|Department of Public Information • News and Media Division • New York|
No ‘Quick Fix’ to Libya Crisis, Says Secretary-General in Message, Declaring
Political Solution Remains Top Priority, for Which Efforts Have Intensified
Following is the text of UN Secretary-General Ban Ki-moon’s message to the third meeting of the Contact Group on Libya, as delivered by B. Lynn Pascoe, Under-Secretary-General for Political Affairs, in Abu Dhabi, 9 June:
I thank the Governments of Italy and the United Arab Emirates for organizing and co-chairing this third meeting of the Contact Group on Libya, at which we will continue to review our collective efforts to end the killing and destruction and ensure full implementation of Security Council resolutions 1970 (2011) and 1973 (2011).
Fighting continues between forces loyal to the Libyan Government and the opposition. NATO [North Atlantic Treaty Organization] operations have been effective in protecting the civilian population. But clearly, there is no quick fix to the crisis; the problem will not end quickly.

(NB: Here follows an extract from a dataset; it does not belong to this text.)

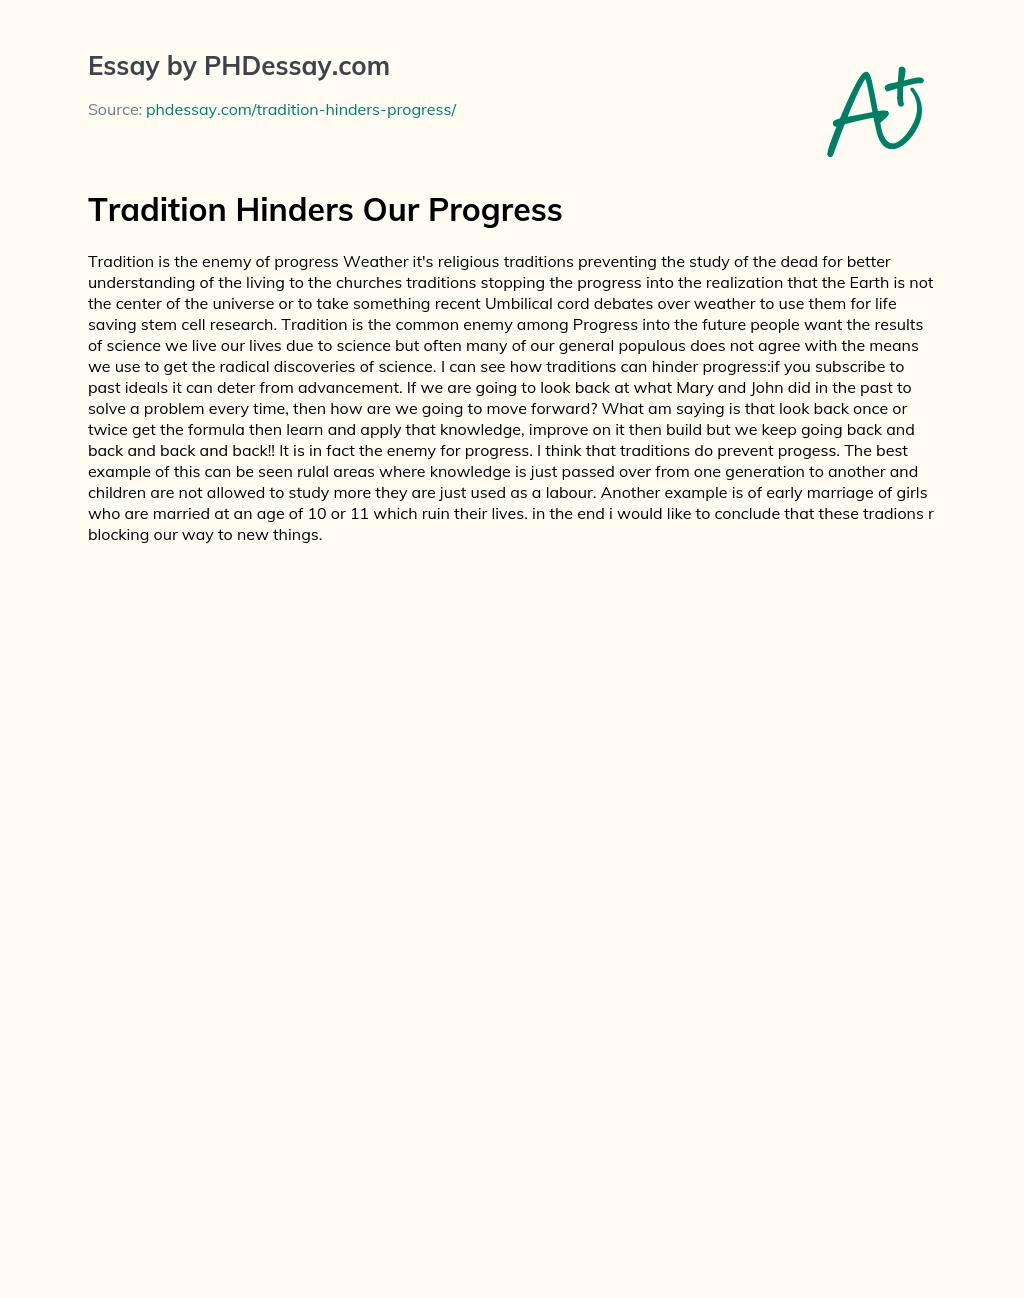 Tradition Hinders Our Progress essay

Democracy, human rights and social justice are at the core of the grievances being voiced by the Libyan people. It is in this context that I welcome the recent conclusions of the International Commission of Inquiry set up by the Human Rights Council in February. The report details crimes committed by Government forces, including murder, unlawful imprisonment, enforced disappearance and sexual abuse. While such violations were committed largely by the Government, torture and other forms of cruel, inhuman or degrading treatment have been committed by the opposition forces as well. These findings are disturbing, but they underscore the validity of the letter and spirit of resolutions 1970 and 1973 and the urgent need to implement their provisions.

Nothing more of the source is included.